Agrigento, 7 anni di carcere a uno scafista tunisino: è la prima condanna in Italia

Lunedì 30 Ottobre 2017 di Mario Meliadò
Agrigento, 7 anni di carcere a uno scafista tunisino: è la prima condanna in Italia
Per la prima volta in Italia uno scafista che aveva trasportato decine d’extracomunitari in territorio europeo a bordo di un’imbarcazione “fantasma” è stato condannato. Quello dei barconi “fantasma” è un fenomeno relativamente recente, ma che gli investigatori e la stessa Procura nazionale antimafia ritengono in forte espansione (solo l’estate scorsa, imbarcazioni sfuggite a ogni forma di controllo hanno fatto arrivare clandestinamente circa cinquemila migranti tra Lampedusa, Linosa e le coste agrigentine) e particolarmente pericoloso per le vite delle persone trasportate.

Parliamo di natanti che viaggiano  “dolosamente” privi d’alcun tipo di riconoscimento: niente bandiere, zero codici identificativi. Appunto, dei “fantasmi” in mezzo al mare. Chiaro che il rischio per i migranti sia altissimo, a bordo di navi del tutto anonime, così come in simili condizioni sale di brutto la probabilità che scafisti senza scrupoli si disfacciano della “merce umana” meno docile.
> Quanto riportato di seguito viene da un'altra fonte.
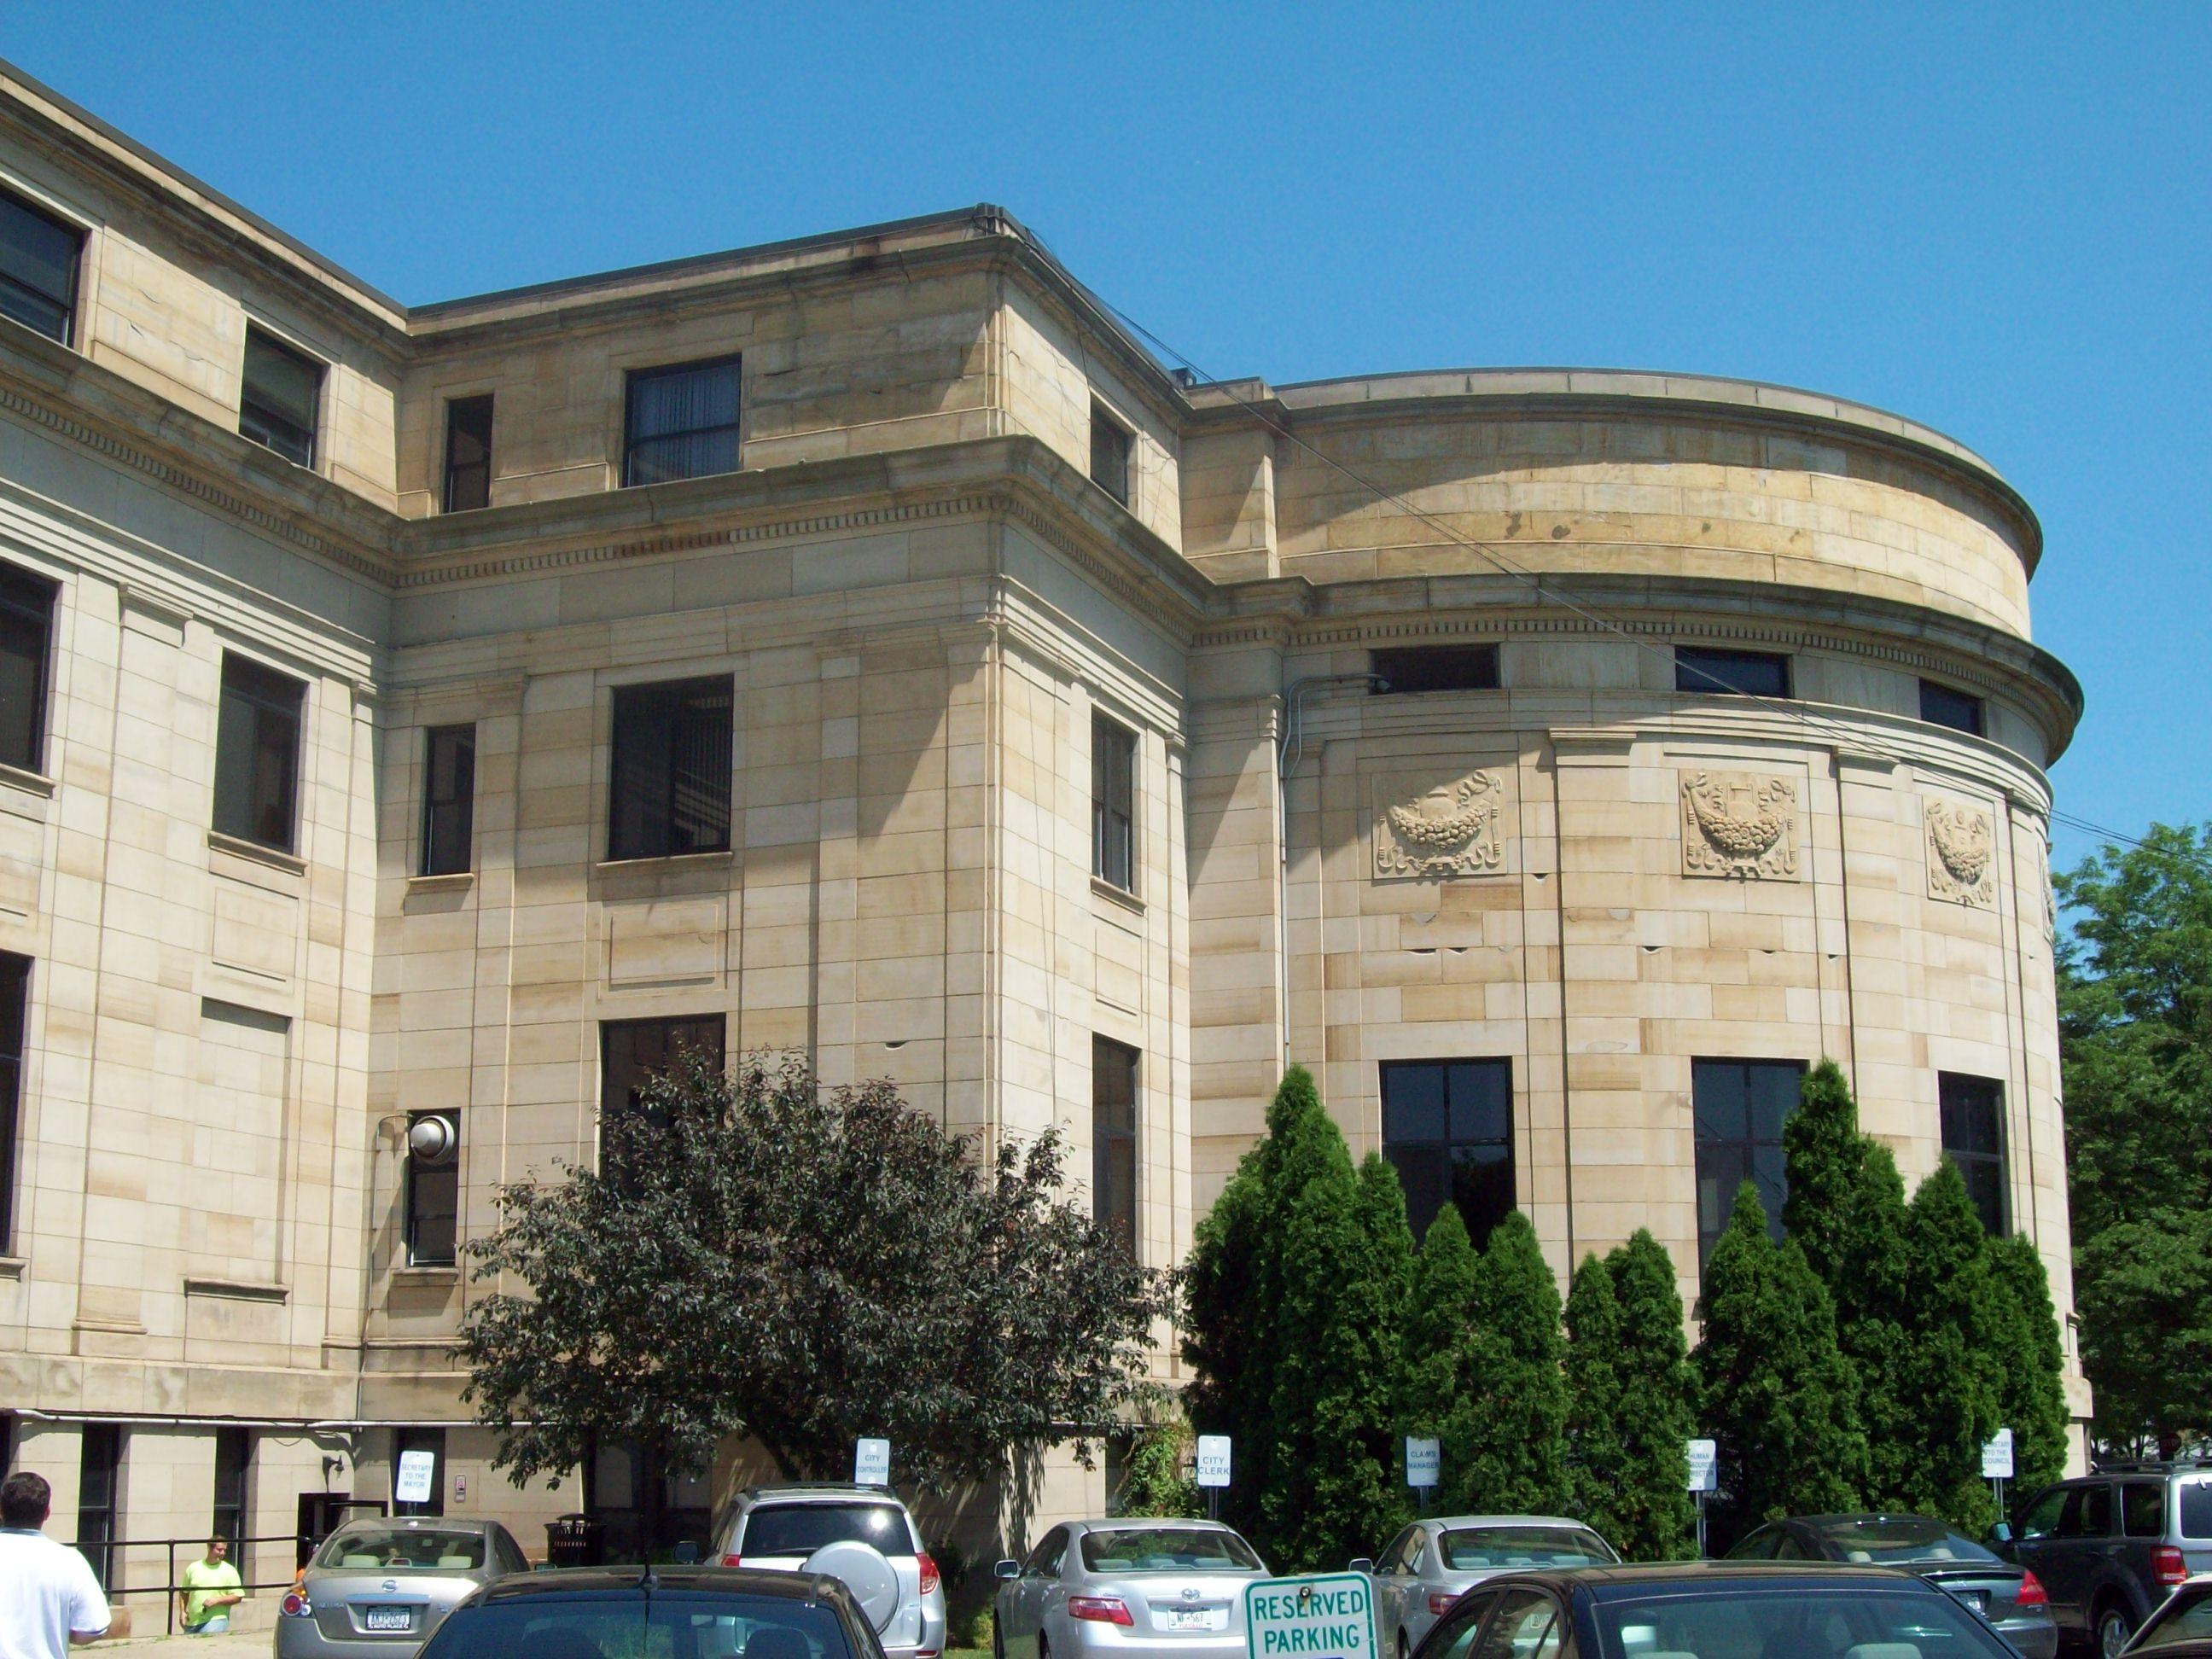 File:Niagara Falls City Hall Rear Jun 09.JPG - Wikimedia Commonsfalls city city

Per tacere di un altro, gravissimo pericolo: possibili infiltrazioni terroristiche degli integralisti islamici, la maledetta «guerra asimmetrica» evocata nei mesi scorsi dallo stesso procuratore nazionale antimafia Franco Roberti in un’intervista rilasciata proprio a il Messaggero, sottolineando che un simile canale potrebbe in teoria «essere usato da criminali di ogni genere» e che per uno «Stato-mafia» come l’Isis è assai utile autofinanziare le proprie opere di morte tramite i commerci più redditizi, come la tratta di migranti.

Nello specifico, a essere colpito da una condanna a 7 anni di reclusione in primo grado di giudizio è stato il 27enne scafista tunisino Chayah Saber: le motovedette della Sezione operativa navale e della Tenenza della Guardia di finanza di Porto Empedocle l’avevano bloccato il 22 settembre scorso nelle acque al largo di Realmonte, nell’Agrigentino (zona Sud-Ovest della Sicilia), mentre era al timone di un peschereccio del tutto anonimo, «non battente alcuna bandiera e non riportante alcuna sigla sullo scafo», con cui stava tentando la fuga verso le coste del Maghreb dopo aver fatto sbarcare 45 migranti tunisini ad Agrigento, lungo le coste di frazione Cannatello.
 Il “12 metri” venne bloccato e Saber arrestato: le Fiamme gialle scoprirono che era entrato in Italia già cinque volte almeno, ogni volta fornendo generalità diverse (e sempre fasulle), appunto col più classico dei natanti “fantasma”. Da ognuno dei desperados maghrebini trasportati verso l’Europa s’era fatto pagare 2 milioni e mezzo di dinari tunisini, circa 750 euro.

Adesso, il verdetto pronunciato in sede collegiale dal Tribunale di Agrigento (presidente, Luisa Turco) che condanna lo scafista a 7 anni di carcere – contro gli 11 proposti dal pm Salvatore Vella – per favoreggiamento dell’immigrazione clandestina, false generalità e resistenza a nave da guerra.

Reato contestato, quest’ultimo, perché Chayah Saber non solo aveva disatteso l’ordine di fermarsi e far controllare il peschereccio lanciatogli dalle motovedette della Finanza, ma aveva pure gettato in mare cellulare e navigatore per rendersi ancor più “irrintracciabile” nel lanciarsi verso un’improbabile fuga, “avanti tutta” verso le coste della Tunisia, miseramente terminata col suo arresto.